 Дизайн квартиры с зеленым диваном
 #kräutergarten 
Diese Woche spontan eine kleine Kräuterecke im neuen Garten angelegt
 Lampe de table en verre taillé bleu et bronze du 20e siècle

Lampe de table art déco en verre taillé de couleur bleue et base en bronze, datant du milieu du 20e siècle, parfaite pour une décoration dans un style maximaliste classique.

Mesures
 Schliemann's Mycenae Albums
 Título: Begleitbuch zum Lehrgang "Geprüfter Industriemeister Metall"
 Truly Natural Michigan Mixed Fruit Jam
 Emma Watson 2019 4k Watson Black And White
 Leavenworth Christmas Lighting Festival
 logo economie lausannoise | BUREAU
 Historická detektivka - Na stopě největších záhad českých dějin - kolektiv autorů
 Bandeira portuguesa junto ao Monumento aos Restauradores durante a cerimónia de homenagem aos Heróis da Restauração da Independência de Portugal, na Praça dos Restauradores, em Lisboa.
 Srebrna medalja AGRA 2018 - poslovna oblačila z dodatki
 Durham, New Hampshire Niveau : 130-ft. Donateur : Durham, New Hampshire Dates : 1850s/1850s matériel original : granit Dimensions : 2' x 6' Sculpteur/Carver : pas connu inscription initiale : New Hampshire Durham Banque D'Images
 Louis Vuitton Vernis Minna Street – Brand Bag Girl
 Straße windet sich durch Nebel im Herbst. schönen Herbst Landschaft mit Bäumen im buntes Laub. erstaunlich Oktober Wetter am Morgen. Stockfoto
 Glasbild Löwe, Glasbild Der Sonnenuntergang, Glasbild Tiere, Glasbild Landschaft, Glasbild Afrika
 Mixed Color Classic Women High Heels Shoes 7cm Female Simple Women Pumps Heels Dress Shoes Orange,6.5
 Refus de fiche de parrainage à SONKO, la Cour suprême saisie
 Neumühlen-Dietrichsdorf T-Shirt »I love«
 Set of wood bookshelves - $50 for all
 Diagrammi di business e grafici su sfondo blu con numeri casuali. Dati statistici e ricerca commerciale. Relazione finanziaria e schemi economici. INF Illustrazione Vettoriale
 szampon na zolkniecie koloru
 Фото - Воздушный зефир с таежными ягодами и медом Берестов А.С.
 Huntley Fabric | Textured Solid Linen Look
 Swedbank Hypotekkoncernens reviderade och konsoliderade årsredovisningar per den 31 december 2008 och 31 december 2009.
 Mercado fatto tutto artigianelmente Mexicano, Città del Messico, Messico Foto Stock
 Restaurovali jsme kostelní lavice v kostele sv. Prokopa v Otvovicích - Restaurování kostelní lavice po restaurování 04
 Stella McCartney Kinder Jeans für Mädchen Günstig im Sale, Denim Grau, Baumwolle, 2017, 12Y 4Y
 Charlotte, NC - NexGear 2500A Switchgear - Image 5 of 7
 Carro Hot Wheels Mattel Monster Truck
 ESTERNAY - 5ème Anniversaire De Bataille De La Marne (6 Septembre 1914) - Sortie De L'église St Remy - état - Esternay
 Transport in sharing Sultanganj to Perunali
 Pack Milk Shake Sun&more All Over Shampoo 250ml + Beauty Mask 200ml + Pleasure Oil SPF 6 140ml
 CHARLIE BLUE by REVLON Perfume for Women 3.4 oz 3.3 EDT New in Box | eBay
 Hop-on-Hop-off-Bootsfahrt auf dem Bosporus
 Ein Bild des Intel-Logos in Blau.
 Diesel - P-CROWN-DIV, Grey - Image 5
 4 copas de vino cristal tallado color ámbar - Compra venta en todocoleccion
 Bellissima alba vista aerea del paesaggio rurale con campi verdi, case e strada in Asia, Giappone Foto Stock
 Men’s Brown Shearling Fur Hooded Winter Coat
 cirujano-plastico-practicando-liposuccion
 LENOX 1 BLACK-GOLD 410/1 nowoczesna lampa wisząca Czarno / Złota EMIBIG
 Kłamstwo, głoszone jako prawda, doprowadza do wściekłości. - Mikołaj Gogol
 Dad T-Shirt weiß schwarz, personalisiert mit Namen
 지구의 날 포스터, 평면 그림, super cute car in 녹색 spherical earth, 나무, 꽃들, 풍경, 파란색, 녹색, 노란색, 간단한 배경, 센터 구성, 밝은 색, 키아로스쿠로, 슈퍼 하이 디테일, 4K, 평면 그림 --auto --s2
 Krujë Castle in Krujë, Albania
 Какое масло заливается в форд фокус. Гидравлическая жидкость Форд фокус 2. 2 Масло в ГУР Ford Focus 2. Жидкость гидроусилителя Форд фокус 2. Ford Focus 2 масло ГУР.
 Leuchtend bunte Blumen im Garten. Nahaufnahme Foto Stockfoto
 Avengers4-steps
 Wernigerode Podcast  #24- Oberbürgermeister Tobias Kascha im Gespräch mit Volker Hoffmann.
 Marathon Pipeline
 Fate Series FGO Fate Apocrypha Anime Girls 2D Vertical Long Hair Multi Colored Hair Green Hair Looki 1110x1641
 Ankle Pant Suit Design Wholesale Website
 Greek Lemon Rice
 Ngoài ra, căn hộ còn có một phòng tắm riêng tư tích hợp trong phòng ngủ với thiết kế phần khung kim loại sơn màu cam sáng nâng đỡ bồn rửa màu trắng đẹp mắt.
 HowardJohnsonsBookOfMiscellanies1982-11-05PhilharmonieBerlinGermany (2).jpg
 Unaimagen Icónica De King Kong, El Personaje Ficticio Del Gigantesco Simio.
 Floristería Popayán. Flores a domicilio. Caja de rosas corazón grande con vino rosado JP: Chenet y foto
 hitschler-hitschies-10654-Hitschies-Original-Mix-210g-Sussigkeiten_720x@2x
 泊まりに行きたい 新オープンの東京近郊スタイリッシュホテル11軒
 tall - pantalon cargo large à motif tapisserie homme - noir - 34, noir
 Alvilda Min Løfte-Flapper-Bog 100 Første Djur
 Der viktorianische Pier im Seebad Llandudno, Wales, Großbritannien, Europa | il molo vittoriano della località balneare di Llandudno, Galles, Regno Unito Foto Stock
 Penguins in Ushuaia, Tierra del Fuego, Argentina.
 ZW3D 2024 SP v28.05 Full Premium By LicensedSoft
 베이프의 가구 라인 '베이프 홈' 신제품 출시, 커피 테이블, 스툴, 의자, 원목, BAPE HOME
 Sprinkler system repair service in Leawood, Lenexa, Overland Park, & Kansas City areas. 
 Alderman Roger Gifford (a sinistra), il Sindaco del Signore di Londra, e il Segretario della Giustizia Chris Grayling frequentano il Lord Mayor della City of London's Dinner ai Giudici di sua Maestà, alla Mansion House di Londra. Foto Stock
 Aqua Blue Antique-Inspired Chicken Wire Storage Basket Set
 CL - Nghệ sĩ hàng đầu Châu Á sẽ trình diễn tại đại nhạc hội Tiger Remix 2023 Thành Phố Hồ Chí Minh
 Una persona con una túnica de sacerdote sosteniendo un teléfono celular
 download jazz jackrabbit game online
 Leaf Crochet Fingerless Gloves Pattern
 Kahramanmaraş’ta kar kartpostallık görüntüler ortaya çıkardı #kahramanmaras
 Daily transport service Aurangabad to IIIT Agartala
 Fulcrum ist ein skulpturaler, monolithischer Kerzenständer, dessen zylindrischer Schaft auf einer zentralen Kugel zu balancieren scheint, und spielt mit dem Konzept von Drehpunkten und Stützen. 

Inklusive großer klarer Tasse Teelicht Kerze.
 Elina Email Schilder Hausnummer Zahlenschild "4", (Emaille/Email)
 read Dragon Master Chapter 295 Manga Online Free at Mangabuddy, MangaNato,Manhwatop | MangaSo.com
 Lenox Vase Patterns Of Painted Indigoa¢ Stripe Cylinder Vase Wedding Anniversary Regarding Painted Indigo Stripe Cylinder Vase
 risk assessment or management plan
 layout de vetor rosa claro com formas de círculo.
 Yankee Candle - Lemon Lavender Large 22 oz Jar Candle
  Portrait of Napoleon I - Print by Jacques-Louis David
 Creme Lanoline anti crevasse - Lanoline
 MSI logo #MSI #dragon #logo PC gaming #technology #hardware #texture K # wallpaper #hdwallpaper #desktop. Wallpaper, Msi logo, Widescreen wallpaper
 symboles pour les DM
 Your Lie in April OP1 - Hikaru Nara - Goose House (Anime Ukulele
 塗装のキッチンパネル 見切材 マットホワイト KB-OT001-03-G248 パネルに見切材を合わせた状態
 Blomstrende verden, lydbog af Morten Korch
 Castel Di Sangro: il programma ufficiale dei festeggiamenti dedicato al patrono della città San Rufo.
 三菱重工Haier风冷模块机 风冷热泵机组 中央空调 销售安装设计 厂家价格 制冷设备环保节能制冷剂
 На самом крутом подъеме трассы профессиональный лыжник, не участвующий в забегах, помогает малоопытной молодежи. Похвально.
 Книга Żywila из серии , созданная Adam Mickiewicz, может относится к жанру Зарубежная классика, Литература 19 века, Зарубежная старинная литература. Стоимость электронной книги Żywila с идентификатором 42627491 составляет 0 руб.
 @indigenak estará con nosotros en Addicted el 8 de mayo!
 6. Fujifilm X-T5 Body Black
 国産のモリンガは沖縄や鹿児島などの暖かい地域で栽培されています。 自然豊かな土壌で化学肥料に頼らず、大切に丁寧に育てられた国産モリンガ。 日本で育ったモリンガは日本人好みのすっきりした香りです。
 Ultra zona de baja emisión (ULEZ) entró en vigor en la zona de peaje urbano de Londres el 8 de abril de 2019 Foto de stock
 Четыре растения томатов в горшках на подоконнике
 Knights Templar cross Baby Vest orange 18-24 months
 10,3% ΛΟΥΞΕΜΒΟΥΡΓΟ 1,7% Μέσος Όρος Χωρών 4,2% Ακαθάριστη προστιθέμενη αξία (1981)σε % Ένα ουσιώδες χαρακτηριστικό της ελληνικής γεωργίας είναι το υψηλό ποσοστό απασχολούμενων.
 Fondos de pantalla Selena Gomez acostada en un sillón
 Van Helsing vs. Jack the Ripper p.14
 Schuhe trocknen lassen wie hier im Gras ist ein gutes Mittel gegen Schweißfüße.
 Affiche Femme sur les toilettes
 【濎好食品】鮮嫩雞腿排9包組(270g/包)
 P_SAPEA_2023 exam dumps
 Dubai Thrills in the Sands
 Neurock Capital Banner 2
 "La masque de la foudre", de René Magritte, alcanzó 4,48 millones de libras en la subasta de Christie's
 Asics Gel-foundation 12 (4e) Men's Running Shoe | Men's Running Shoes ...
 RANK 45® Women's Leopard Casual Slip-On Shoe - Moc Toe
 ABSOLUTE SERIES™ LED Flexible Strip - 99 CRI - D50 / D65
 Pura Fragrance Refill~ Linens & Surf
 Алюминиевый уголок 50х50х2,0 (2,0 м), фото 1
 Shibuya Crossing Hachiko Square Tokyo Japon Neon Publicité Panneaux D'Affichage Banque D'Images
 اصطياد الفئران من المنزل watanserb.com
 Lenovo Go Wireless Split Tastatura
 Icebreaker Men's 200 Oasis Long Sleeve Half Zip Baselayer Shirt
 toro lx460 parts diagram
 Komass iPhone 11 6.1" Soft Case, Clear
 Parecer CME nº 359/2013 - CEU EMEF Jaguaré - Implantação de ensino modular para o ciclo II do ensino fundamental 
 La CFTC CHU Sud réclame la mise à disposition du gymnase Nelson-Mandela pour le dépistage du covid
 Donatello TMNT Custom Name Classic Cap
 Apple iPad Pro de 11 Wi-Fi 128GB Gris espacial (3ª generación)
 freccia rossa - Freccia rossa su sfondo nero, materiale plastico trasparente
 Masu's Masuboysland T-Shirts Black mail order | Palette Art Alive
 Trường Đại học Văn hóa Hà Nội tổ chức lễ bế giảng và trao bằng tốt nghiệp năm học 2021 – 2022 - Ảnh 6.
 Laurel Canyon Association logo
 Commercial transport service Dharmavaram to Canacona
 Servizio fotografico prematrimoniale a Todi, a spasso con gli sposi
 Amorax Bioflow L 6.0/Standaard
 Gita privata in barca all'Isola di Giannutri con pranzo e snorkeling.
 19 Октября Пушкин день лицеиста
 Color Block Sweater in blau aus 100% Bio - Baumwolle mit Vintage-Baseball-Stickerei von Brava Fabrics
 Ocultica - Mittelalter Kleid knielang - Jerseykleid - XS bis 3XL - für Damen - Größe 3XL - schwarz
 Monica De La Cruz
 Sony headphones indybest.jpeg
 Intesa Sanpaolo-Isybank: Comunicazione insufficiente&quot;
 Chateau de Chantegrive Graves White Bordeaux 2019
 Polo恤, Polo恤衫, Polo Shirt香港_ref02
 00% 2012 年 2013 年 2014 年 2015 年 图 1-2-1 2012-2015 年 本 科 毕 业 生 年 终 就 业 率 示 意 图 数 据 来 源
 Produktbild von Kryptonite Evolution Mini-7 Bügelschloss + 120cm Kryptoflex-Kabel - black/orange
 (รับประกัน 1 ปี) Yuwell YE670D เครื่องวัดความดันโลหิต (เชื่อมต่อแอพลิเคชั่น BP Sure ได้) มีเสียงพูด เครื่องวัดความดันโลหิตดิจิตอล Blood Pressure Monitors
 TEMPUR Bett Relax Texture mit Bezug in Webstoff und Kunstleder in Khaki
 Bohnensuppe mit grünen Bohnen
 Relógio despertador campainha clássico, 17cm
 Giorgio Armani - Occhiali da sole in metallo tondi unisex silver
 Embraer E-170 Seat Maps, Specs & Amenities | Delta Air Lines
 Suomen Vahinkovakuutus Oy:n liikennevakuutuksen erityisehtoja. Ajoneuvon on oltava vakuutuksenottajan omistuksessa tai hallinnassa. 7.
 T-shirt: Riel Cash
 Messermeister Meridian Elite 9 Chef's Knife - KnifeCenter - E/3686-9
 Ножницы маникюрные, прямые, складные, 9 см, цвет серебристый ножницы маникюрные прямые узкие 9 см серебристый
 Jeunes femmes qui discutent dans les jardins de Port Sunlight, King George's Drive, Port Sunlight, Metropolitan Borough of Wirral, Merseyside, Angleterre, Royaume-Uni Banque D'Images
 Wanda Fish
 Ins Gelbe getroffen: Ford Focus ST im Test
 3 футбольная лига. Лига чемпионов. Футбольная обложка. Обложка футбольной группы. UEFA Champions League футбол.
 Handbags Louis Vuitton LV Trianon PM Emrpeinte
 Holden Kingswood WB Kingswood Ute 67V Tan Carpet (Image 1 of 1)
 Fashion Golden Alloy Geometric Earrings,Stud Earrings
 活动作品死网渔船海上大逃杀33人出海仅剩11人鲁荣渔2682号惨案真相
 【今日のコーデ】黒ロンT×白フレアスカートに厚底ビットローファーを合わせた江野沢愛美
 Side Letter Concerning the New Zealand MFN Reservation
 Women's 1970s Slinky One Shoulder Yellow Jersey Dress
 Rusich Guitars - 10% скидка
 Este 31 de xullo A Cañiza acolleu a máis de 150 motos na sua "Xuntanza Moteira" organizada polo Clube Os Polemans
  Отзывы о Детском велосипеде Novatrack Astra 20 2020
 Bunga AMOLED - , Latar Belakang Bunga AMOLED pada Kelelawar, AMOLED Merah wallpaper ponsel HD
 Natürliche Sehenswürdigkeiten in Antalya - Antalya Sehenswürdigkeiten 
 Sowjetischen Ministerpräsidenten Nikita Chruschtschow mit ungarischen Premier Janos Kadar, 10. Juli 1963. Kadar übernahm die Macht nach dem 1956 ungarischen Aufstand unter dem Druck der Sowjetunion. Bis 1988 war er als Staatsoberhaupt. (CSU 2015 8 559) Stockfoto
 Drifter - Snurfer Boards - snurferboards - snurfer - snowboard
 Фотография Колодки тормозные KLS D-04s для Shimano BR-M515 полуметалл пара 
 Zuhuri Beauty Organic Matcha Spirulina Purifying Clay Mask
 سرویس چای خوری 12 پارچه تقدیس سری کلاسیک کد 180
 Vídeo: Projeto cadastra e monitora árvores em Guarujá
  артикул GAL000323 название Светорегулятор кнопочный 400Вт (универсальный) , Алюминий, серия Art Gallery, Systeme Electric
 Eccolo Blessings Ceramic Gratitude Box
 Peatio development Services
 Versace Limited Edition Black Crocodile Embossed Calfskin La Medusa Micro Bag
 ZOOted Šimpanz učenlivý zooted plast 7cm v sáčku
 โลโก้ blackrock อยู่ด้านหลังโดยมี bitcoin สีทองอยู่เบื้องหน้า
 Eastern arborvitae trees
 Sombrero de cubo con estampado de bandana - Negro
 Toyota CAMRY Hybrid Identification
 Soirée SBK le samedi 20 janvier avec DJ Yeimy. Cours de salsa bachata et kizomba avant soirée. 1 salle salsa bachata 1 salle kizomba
○ ○ ○
(EXERCISE PROMPT):
I need every line from the material that contains the word "siècle".

(ANSWER AREA):
 Lampe de table en verre taillé bleu et bronze du 20e siècle
Lampe de table art déco en verre taillé de couleur bleue et base en bronze, datant du milieu du 20e siècle, parfaite pour une décoration dans un style maximaliste classique.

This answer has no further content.